• **TASK BRIEF**
Your answer must hold only the lines below from the line containing "Examining horse teeth" through the line containing "гос.мос_12.0_мои начисления_оплата Жкх_выбор", each reproduced exactly.

• **EXTRACTED INFORMATION**
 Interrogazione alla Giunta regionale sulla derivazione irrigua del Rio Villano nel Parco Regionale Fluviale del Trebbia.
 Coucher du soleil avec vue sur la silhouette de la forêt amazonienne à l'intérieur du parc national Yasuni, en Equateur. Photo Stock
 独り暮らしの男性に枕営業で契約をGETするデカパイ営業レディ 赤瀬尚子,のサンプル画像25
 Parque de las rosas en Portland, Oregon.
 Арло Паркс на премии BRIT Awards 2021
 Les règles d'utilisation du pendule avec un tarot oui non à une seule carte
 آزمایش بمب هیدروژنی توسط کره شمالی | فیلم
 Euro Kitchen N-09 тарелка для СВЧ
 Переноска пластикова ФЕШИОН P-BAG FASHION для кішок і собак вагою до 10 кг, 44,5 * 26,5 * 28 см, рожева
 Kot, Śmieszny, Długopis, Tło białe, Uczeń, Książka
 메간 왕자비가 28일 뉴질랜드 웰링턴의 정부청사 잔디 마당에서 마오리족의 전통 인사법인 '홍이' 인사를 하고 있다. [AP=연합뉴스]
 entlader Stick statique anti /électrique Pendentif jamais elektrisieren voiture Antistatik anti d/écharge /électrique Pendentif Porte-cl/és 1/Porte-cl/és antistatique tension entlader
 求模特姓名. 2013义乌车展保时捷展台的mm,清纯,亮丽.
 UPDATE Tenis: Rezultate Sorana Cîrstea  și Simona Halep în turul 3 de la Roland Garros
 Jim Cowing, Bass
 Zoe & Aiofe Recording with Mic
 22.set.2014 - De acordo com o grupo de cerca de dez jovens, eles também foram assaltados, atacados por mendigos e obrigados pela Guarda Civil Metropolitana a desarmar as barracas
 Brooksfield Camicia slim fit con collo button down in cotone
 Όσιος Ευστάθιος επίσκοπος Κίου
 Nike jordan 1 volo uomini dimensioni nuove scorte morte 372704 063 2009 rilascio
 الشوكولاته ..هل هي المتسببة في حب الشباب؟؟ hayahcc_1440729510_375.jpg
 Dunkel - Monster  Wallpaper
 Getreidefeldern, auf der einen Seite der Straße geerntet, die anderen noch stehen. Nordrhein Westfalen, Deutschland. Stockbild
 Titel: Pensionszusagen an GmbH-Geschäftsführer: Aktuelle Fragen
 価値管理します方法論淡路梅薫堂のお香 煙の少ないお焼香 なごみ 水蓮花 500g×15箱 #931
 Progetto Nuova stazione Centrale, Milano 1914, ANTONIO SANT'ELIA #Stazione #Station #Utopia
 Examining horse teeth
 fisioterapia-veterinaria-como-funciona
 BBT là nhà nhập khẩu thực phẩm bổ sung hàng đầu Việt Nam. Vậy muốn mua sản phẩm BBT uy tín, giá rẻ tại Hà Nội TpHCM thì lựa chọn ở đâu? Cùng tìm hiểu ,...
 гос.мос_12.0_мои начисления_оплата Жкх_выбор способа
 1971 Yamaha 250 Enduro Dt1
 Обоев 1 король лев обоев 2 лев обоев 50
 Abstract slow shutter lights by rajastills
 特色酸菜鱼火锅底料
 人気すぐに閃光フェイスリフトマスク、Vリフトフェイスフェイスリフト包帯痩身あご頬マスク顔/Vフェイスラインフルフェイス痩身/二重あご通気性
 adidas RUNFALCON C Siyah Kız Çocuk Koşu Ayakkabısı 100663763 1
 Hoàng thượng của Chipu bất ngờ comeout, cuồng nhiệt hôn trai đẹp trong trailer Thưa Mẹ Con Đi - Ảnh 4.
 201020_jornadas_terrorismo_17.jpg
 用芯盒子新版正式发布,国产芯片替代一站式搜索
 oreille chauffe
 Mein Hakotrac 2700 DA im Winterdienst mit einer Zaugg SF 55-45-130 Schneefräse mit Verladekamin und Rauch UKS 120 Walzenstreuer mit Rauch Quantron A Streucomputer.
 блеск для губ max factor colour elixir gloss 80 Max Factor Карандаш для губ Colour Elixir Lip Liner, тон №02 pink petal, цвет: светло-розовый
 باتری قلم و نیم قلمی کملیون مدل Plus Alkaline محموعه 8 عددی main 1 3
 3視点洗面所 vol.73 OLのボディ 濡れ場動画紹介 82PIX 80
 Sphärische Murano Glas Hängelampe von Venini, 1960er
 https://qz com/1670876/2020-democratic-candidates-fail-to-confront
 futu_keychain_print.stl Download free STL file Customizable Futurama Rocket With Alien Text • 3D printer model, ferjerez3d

• **RESULT OF THE TASK**
 Examining horse teeth
 fisioterapia-veterinaria-como-funciona
 BBT là nhà nhập khẩu thực phẩm bổ sung hàng đầu Việt Nam. Vậy muốn mua sản phẩm BBT uy tín, giá rẻ tại Hà Nội TpHCM thì lựa chọn ở đâu? Cùng tìm hiểu ,...
 гос.мос_12.0_мои начисления_оплата Жкх_выбор способа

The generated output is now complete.